31 Aug First Look at The ELK stack
We are still going through monitoring tools to find a replacement for Opsview. This time we are going to discover some features with the ELK stack (elasticsearch – Logstash – Kibana).
ELK stack is considered one of the important logging solutions, that can store and analyze various logs from different services in your environment, also using Logstash plugins can provide great enhancements, as an example for this, in this post we are going to discover using the ELK stack with a ruby application.
Since there is no official docs for installing the stack, I followed the steps from Devops Library and installed the stack which was easy with the .deb packages, tested with simple syslog input for logstash and played with the Kibana search, then I thought of getting the ELK stack to graph the different duration stats logged in Rails’ <environment>.log:
[code light=”true”]Completed 200 OK in 19ms (Views: 10.2ms | ActiveRecord: 1.7ms)[/code]
This would create a graph similar to the ones NewRelic creates for your web app.
To do so I made a deployment of a Rails application “Teambox” which requires Ruby1.8 and then installed the Logstasher gem. It turned out that Logstasher requires a Ruby version of 1.9.2 or higher and not just any version of Ruby as the RubyGems pages states.

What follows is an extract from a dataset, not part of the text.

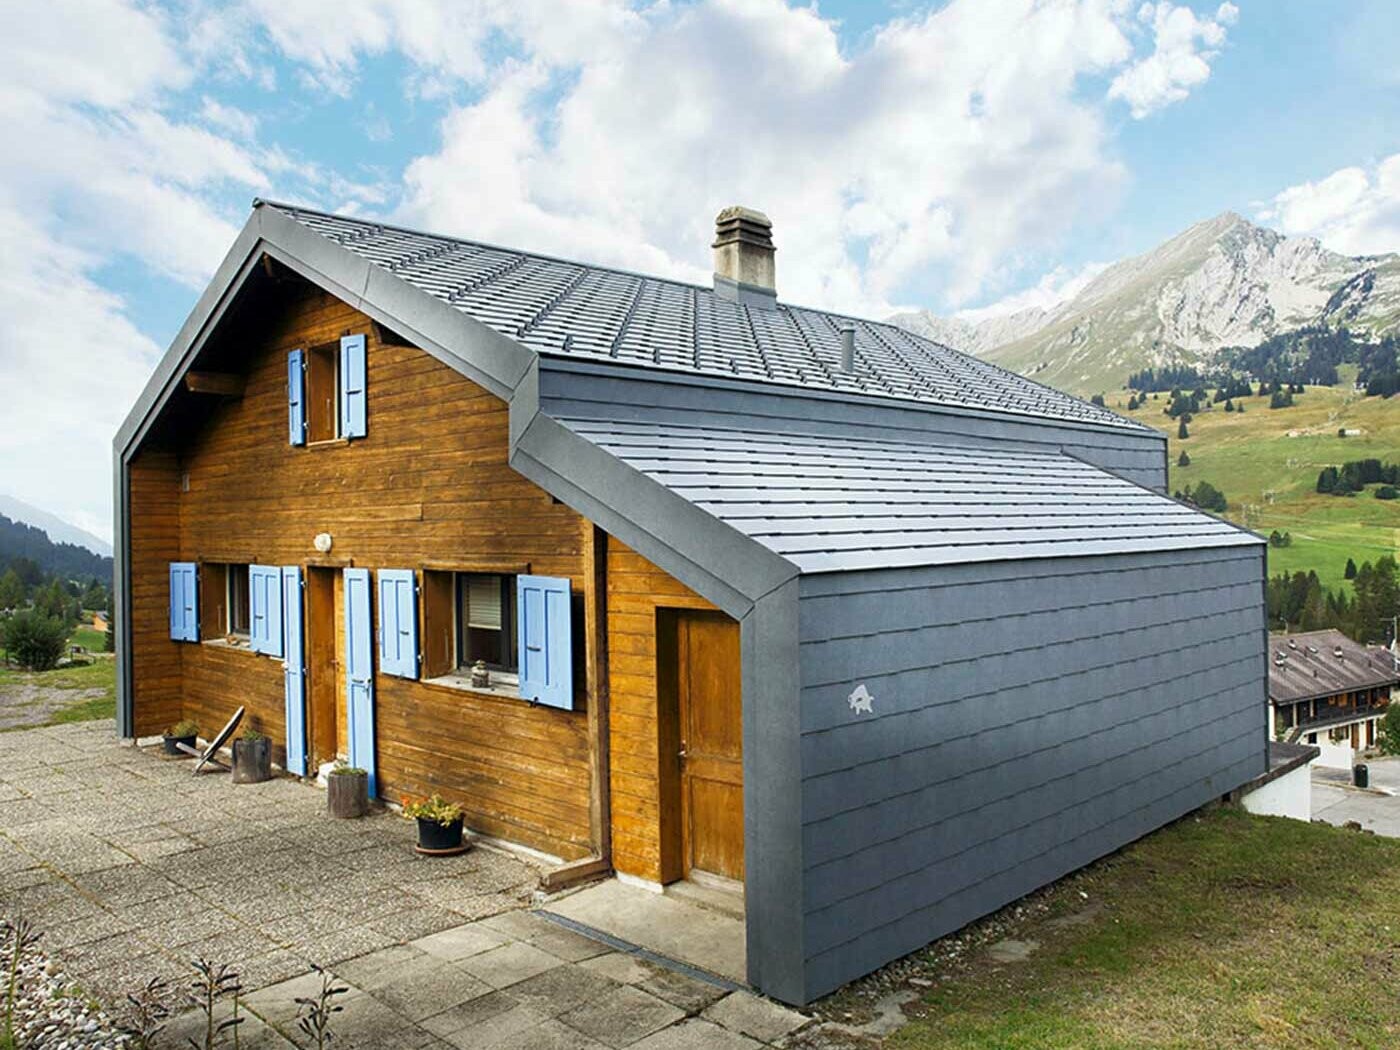 Einfamilienhaus mit der PREFA Dachschindel in Steingrau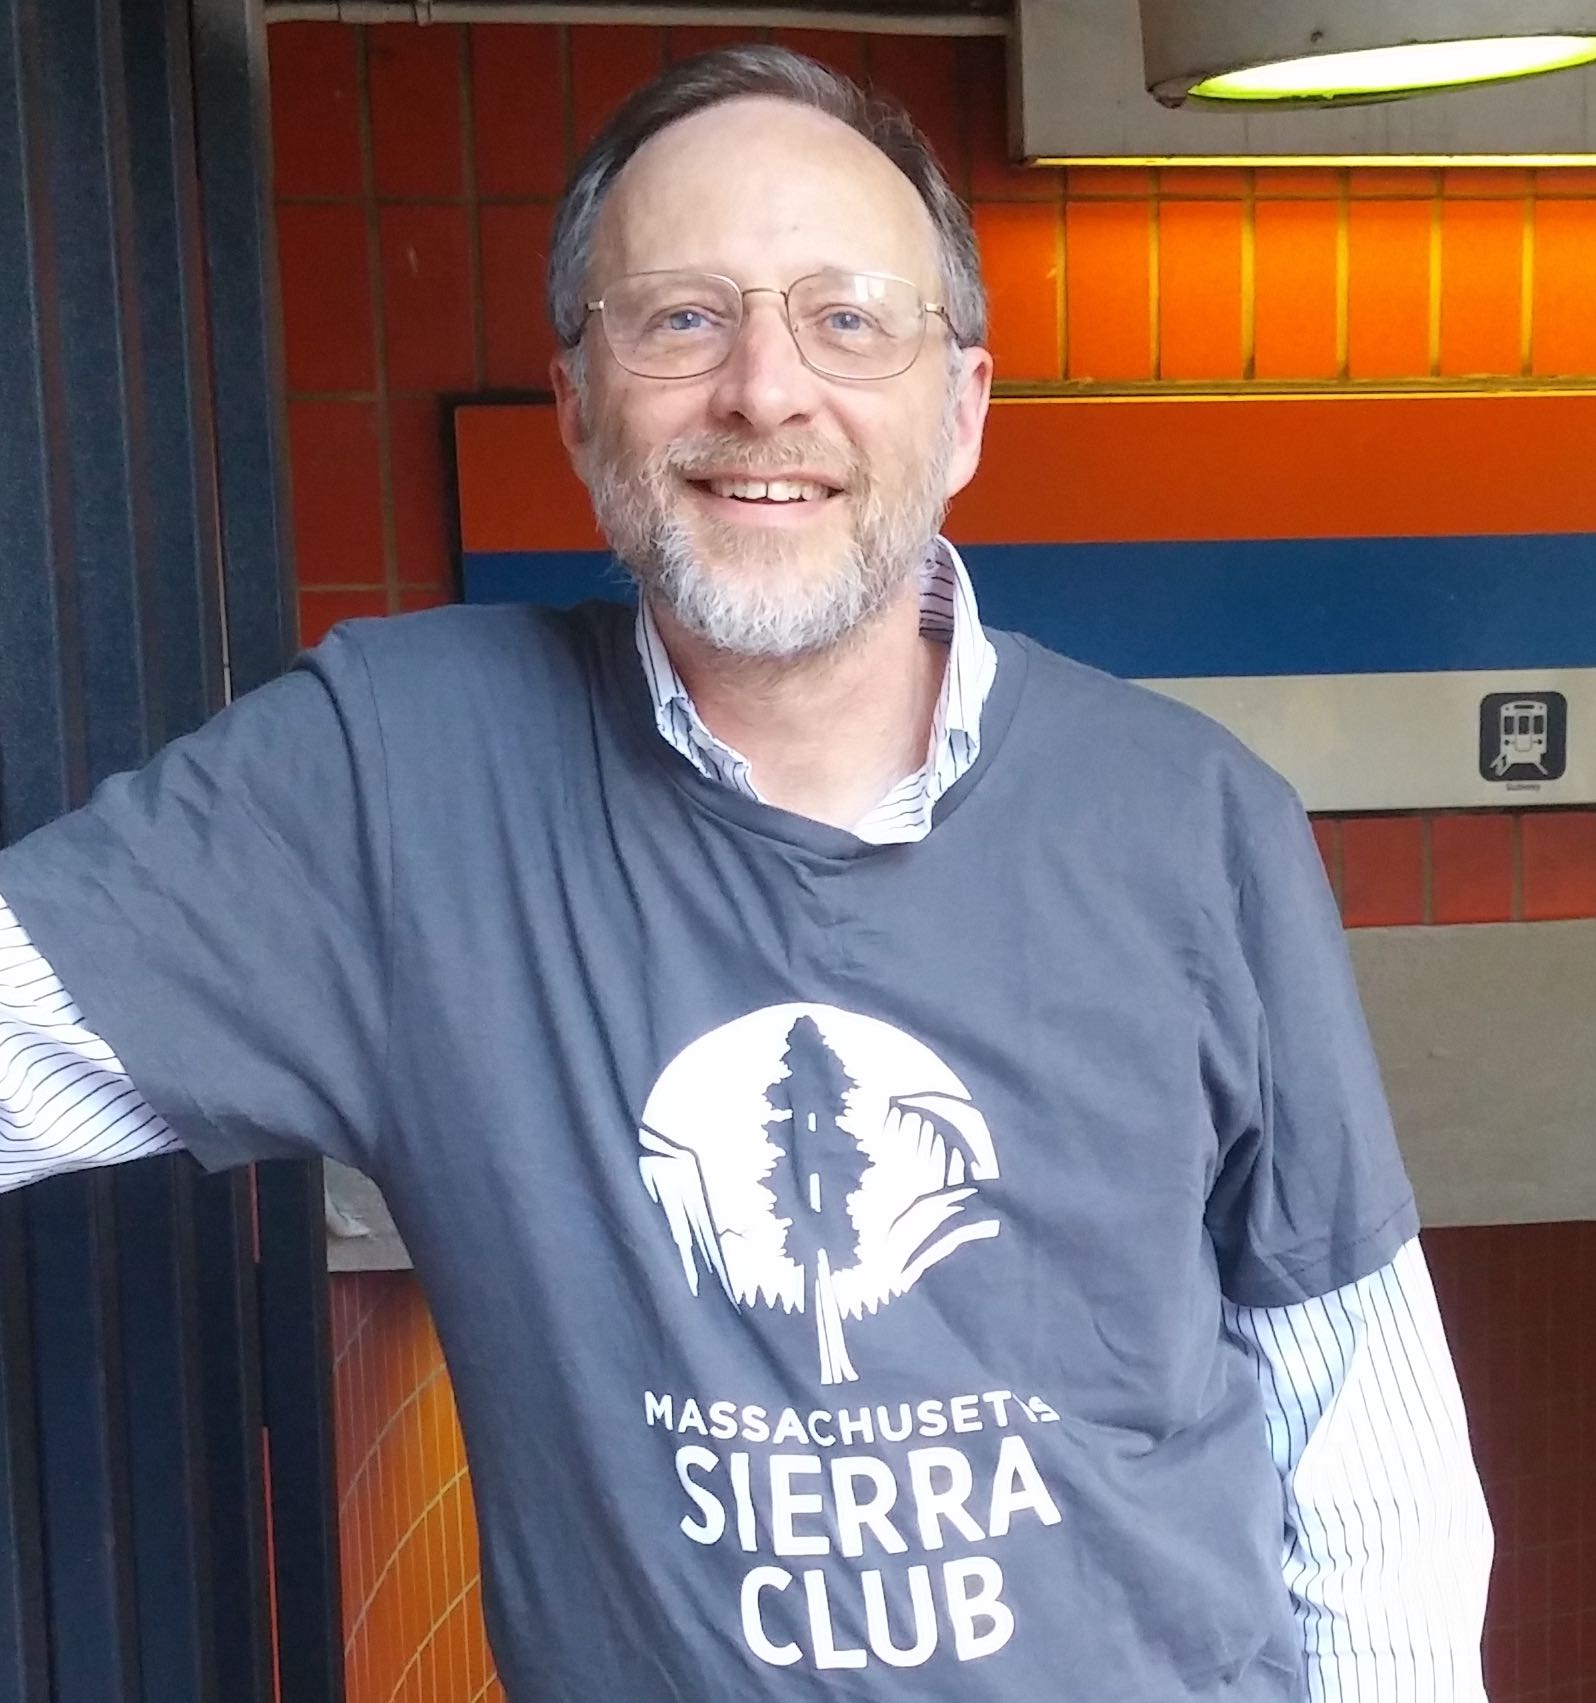 Image of Clint Richmond wearing a Massachusetts Sierra Club shirt

I went ahead and installed Ruby 1.9.3 and deployed Redmine, installed Logstasher and the application was ready for testing. I used the following configuration for Logstash:
path => "/var/www/redmine/log/logstash_production.log"
type => "rails"
codec => "json"
host => localhost
Now we can retrieve the log data from Kibana’s Discover tab, use filters and customize the displayed columns. This is what a document looks like after using the Logstasher gem:
Next step, Visualize.
I chose “Area chart”, filtered based on @type and chose “rails” documents. Configured buckets (X-Axis) and metrics (Y-Axis) as follows:
Note the fields I selected to be aggregated on th Y-Axis view and db; these are the fields holding the duration time for Rails and Mysql.
I tried to create as much data as possible by randomly exploring and executing actions on Redmine, but then I used siege on a list of URLs to create a bigger data set:
You can see the spikes caused by my requests and the continuous step that was caused by siege.
I got the results I was aiming for, but the graphs are not that pretty (it is steady because all the pages I was hitting had minimal database queries, and the other heavier pages required authentication).
We need to go further and try out different scenarios with different types of metrics and different types of logs on this stack. Maybe our next step would be configuring this stack to display and create graphs for webserver access and error logs.